EU suspends financial aid to Ukraine over Law 21414 attack on anti-corruption reforms

EU suspends financial aid to Ukraine over Law 21414 attack on anti-corruption reforms
The EU is very unhappy about a new Ukrainian law that strips the leading anti-corruption organs of their independence and has frozen Kyiv's funding until the situation is resolved. / bne IntelliNews
By Ben Aris in Berlin July 29, 2025

The European Union has suspended all financial aid to Ukraine after lawmakers voted through the controversial Law 21414 that strips the leading anti-corruption law enforcement agencies of their independence last week, Ekonomichna Pravda reported on July 29.

On July 24, EU representatives informed Prime Minister Yulia Svyrydenko’s government that aid payments were being paused in response to the curtailment of powers of the National Anti-Corruption Bureau of Ukraine (NABU) and the Specialised Anti-Corruption Prosecutor’s Office (SAPO), Ekonomichna Pravda reports citing four senior sources in the Ukrainian government, diplomatic circles and parliament.

The suspension affects Ukraine’s access to the EU-backed Extraordinary Revenue Acceleration (ERA) Loans programme—valued at approximately $20bn, which Kyiv had expected to receive by the end of 2025. Financing from the European Bank for Reconstruction and Development and the European Investment Bank have also been frozen. Sources indicated that disbursements under the Ukraine Facility, another major funding mechanism, may also be halted.

Kyiv had expected to receive €12.5bn in 2025 under the Ukraine Facility and a further €17.2bn via the ERA Loans. While €3.7bn from the Ukraine Facility and €8bn from frozen Russian assets have already been transferred to the government, most of the anticipated EU funds—totalling about €18bn—have not yet been disbursed, according to the Ministry of Finance, Vedomosti reported.

The government is short of some $40bn in external funding to cover this year’s forecast budget deficit and defence spending, the Ministry of Finance (MinFin) said last week. Ukraine’s new prime minister, Yuliia Svyrydenko, said Kyiv will probably ask for a new International Monetary Fund (IMF) loan to plug a widening budget deficit.

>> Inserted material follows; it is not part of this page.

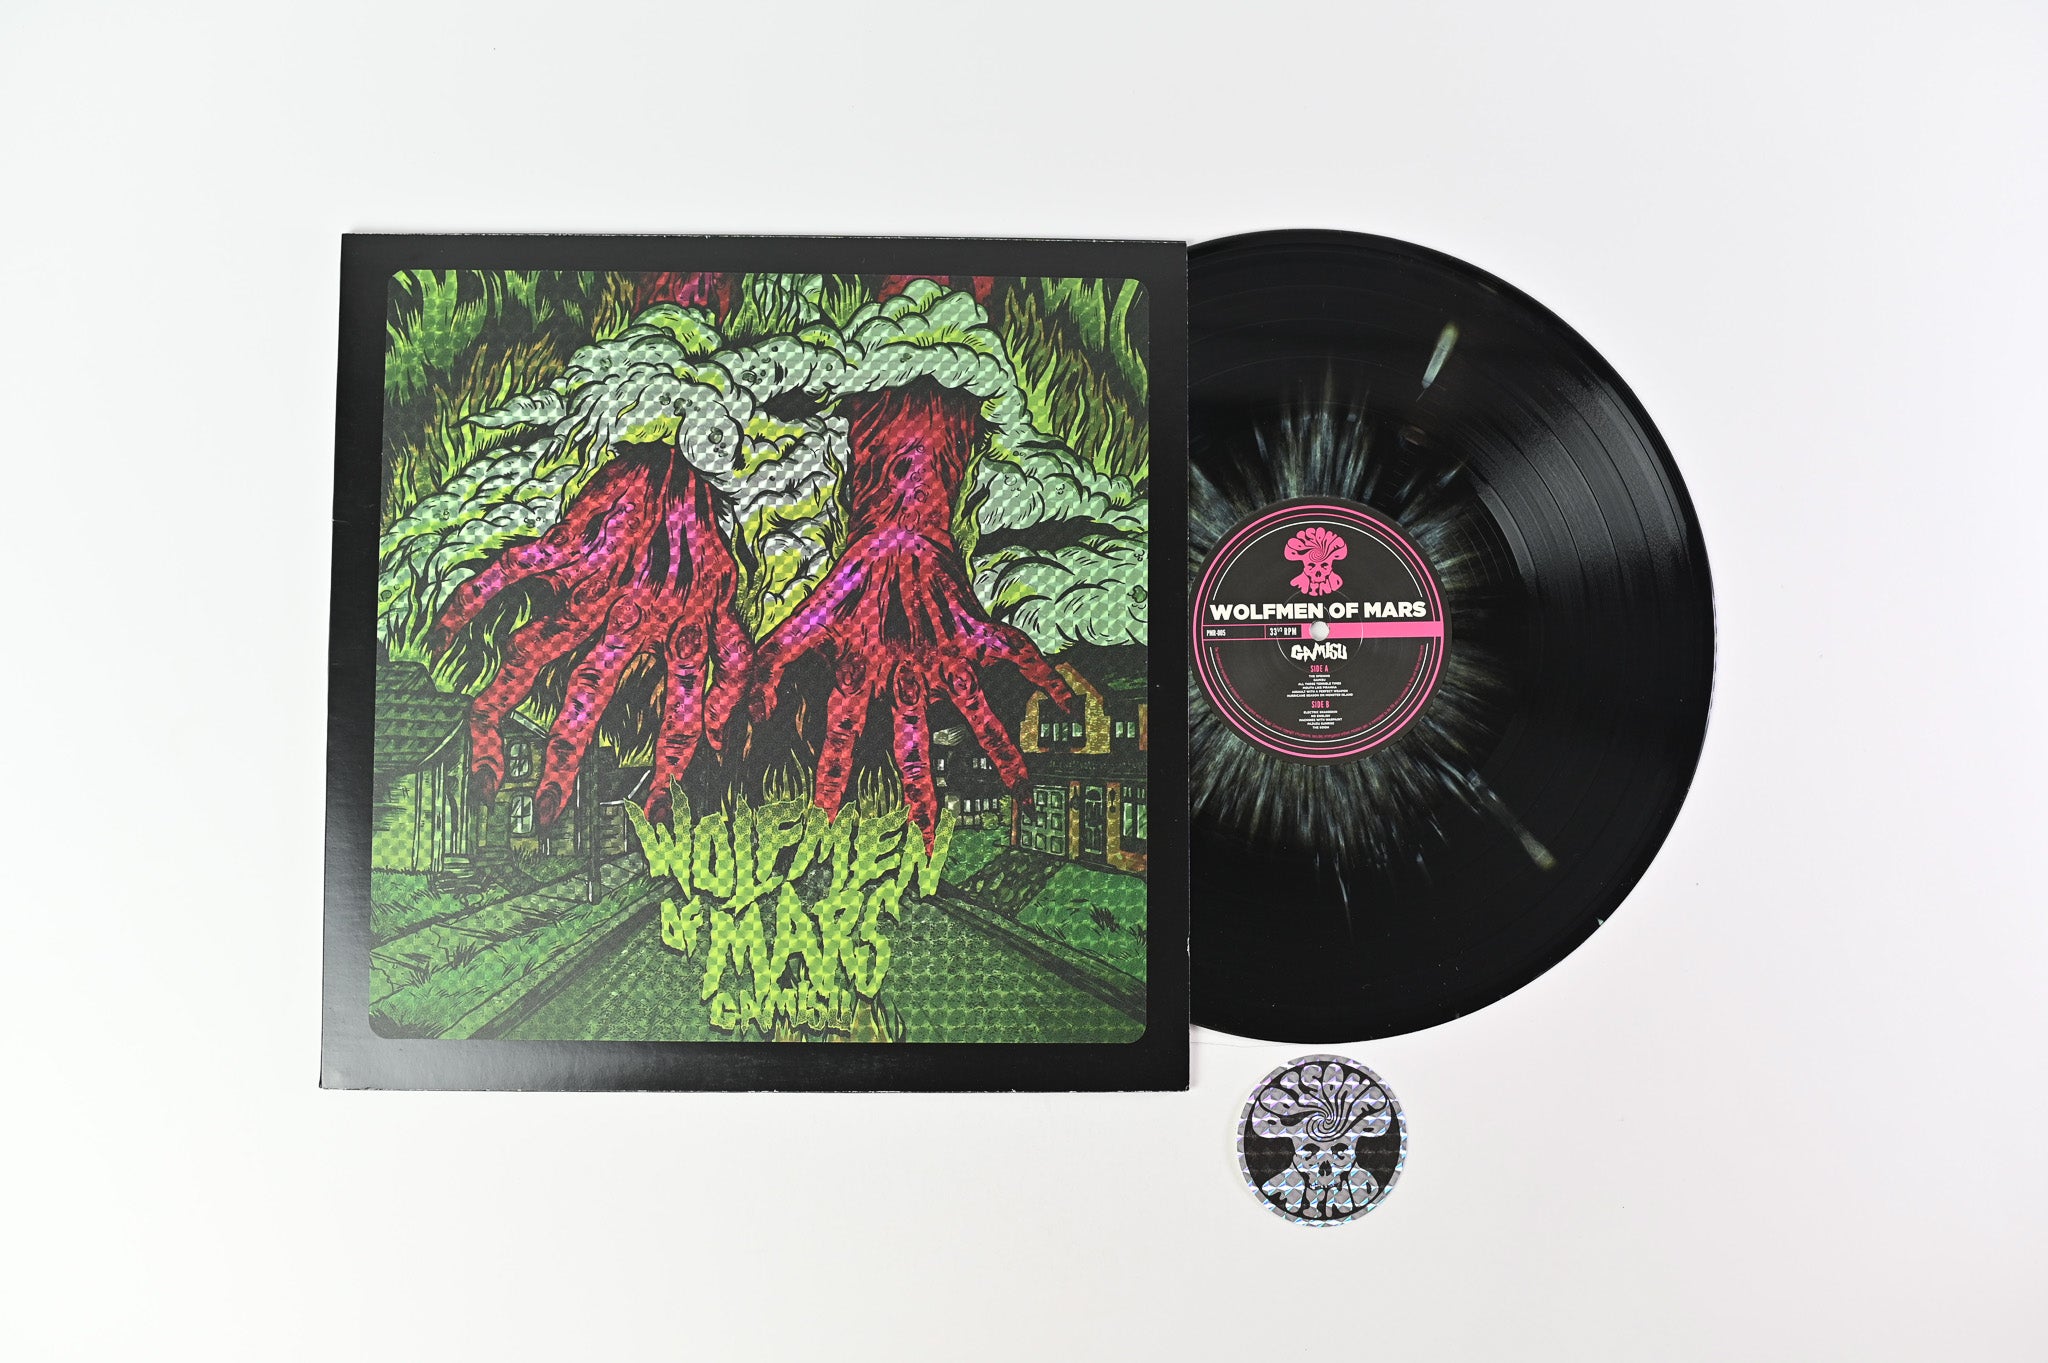 Wolfmen Of Mars - Gamisu on Poisoned Mind Ltd Numbered Black / Green Vinyl

The 2026 state budget's external financing deficit will reach $19bn. Roksolana Pidlasa, head of the parliamentary budget committee, said that after adopting amendments to Ukraine's budget this year, its planned deficit will be $42bn (based on the estimated exchange rate), and there is no reason to think it will decrease next year. As a result, the need for external financing will remain at about $40bn.

The suspension of outside help could be lifted if Ukraine’s parliament reverses the legislative changes. Ukrainian President Volodymyr Zelenskiy was forced into a humiliating climbdown on Law 21414 after the first anti-government protests appeared immediately after the passage of the law. However, rather than cancel the law, as the EU appears to be demanding, Zelenskiy immediately proposed a fixer law that will guarantee the independence of the anti-corruption bodies instead that is due to be read on July 31. It remains to be seen if that satisfies the European Commission (EC).

In a worrying development that suggests that Zelenskiy is more concerned with consolidating his power than sticking to the EU liberal reform programme, on July 28 the president signed a law increasing the number of Ukraine Security Service (SBU) staff both in peacetime and wartime. The SBU, Ukraine’s answer to Russia’s FSB, is directly under the president’s control. Law 21414 also put all Ukraine’s law enforcement agencies, including NABU and SAPO, under the control of the Prosecutor General Ruslan Kravchenko, who is also a presidential appointee.

The new SBU law envisages increasing SBU personnel from 27,000 to 37,000 during peacetime, and from 31,000 to 41,000 during wartime. The law increases SBU officers’ access to weapons and combat vehicles and a new 10,000-man strong Special Operations Center A, anti-terrorism unit will be established.

On July 25, European Commission spokesperson Guillaume Mercier said the EU would reduce the fourth tranche of Ukraine Facility aid due to Ukraine’s failure to implement three key reforms. On July 28, Frankfurter Allgemeine Zeitung reported that the European Commission had “threatened to cut off all financial aid to Kyiv”.